-- Exercise prompt --
A picture-free, exact reproduction of the listing that follows is required.

-- Supplied material --

....

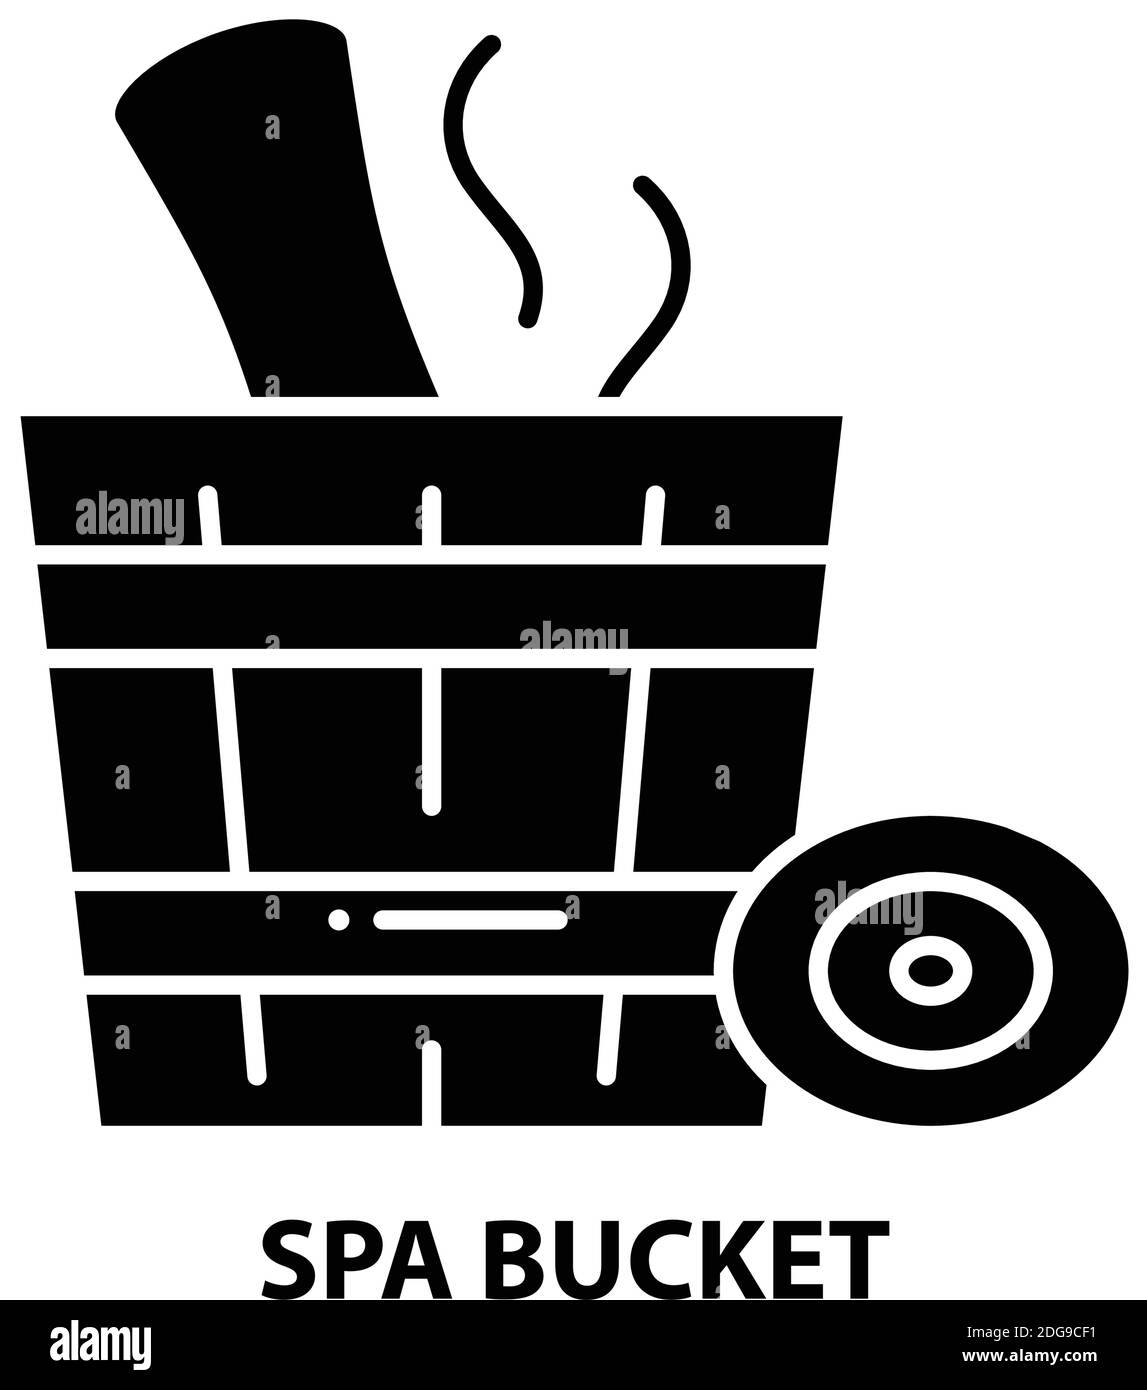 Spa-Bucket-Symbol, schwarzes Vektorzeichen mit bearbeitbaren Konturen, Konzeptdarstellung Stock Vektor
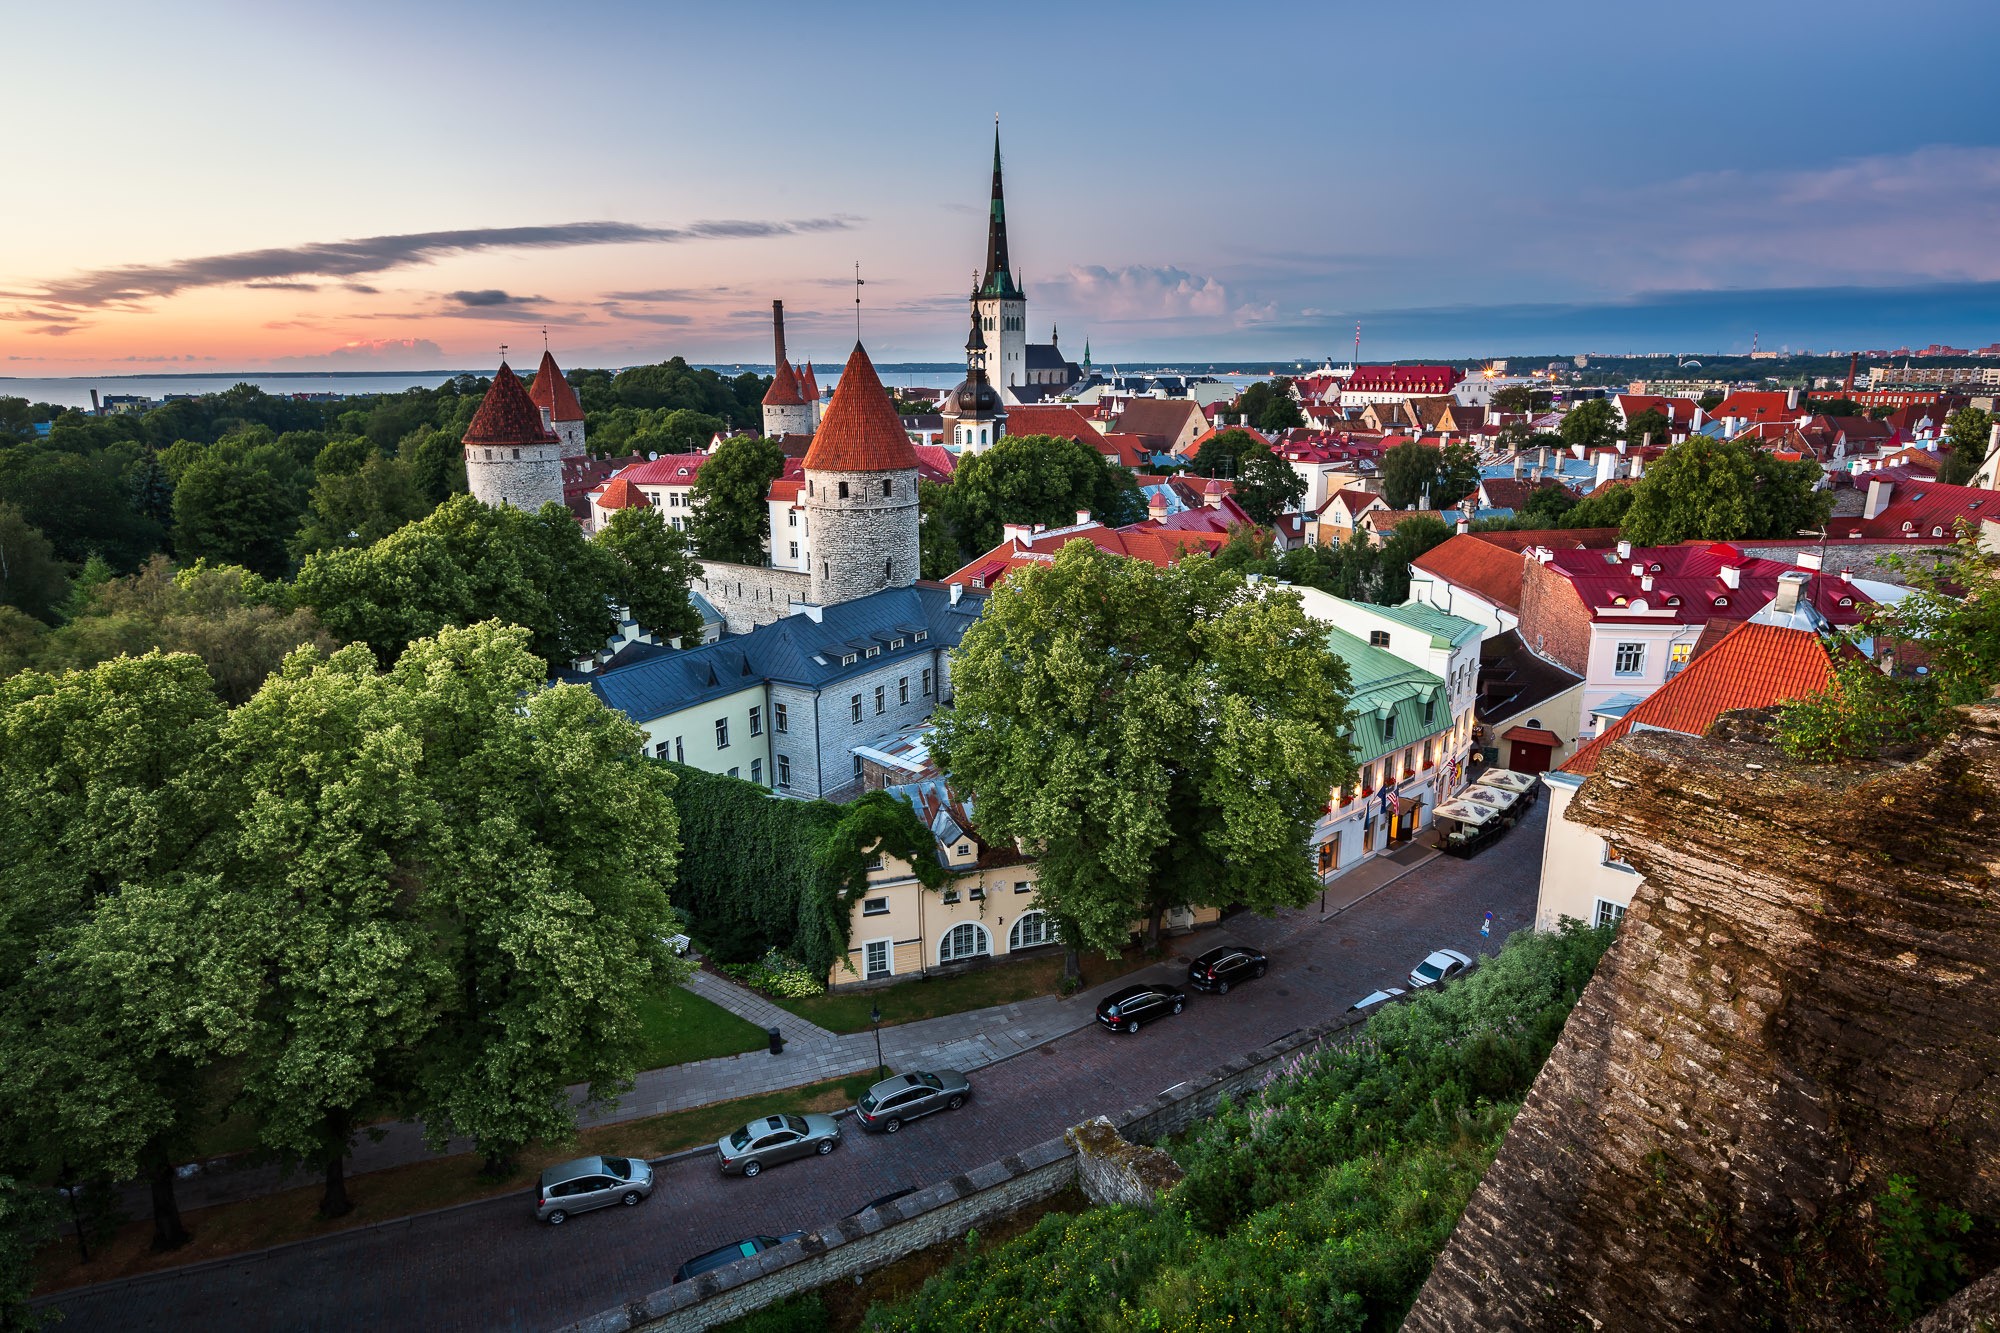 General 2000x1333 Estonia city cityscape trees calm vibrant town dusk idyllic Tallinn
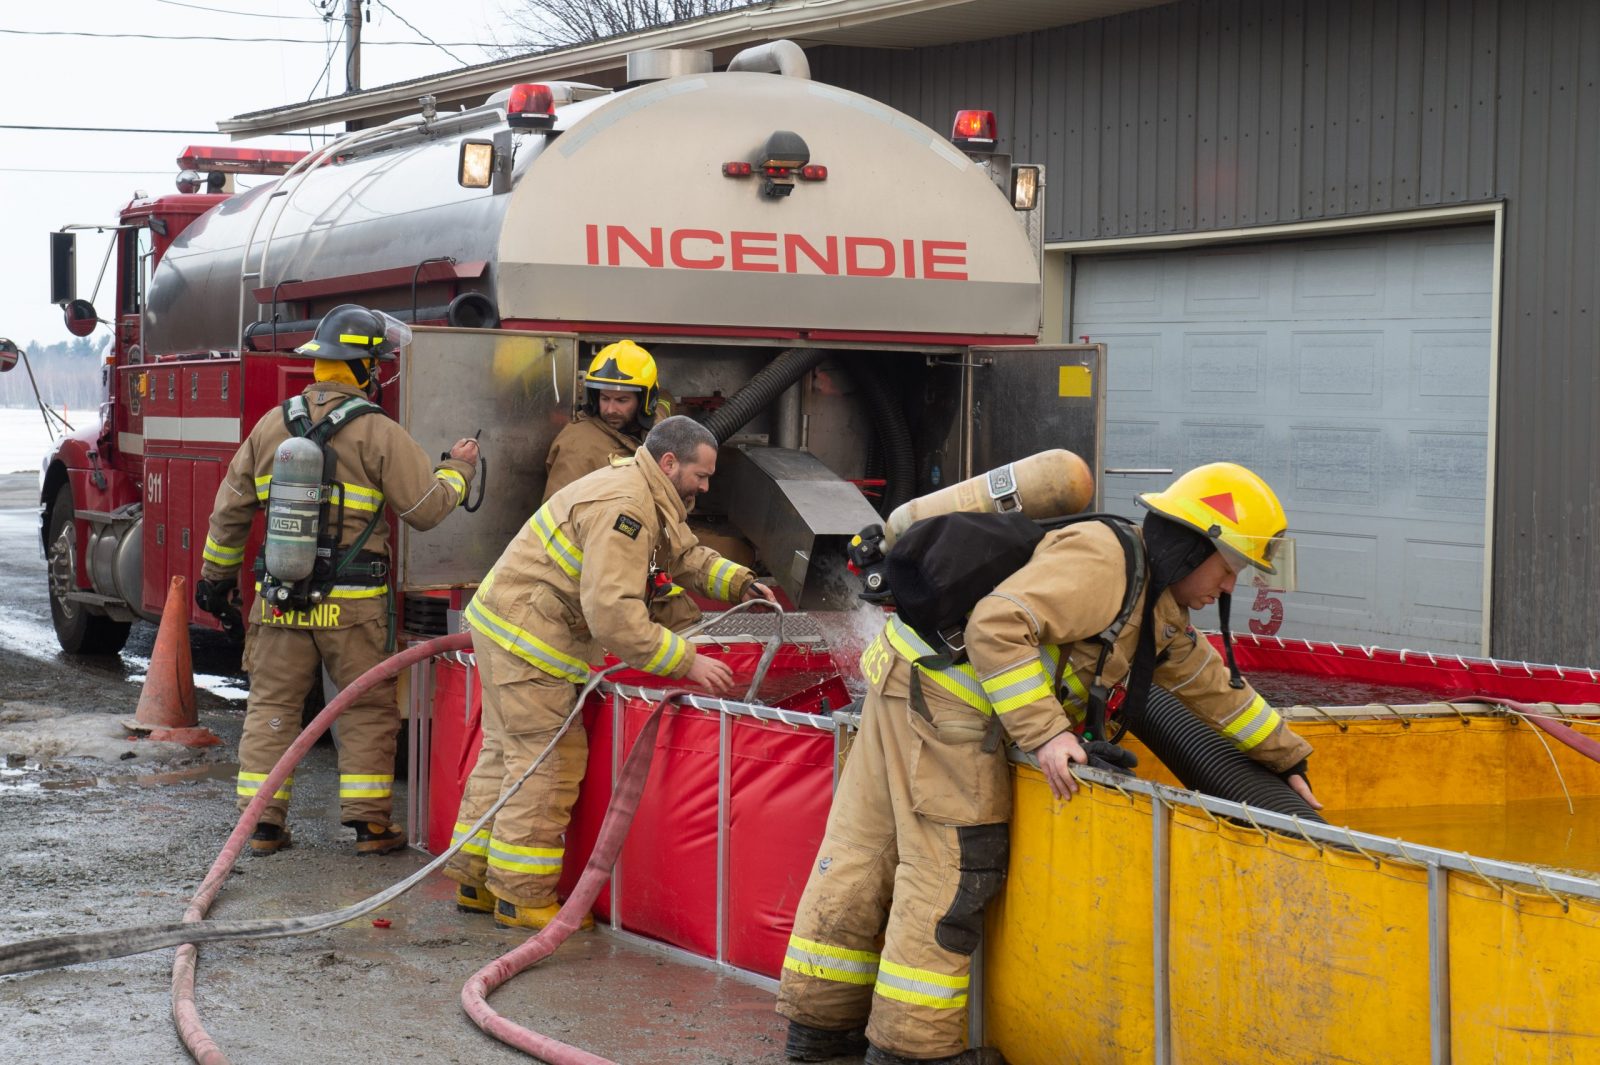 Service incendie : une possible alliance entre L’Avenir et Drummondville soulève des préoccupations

....

-- Written response --
 Spa-Bucket-Symbol, schwarzes Vektorzeichen mit bearbeitbaren Konturen, Konzeptdarstellung Stock Vektor
 General 2000x1333 Estonia city cityscape trees calm vibrant town dusk idyllic Tallinn
 Service incendie : une possible alliance entre L’Avenir et Drummondville soulève des préoccupations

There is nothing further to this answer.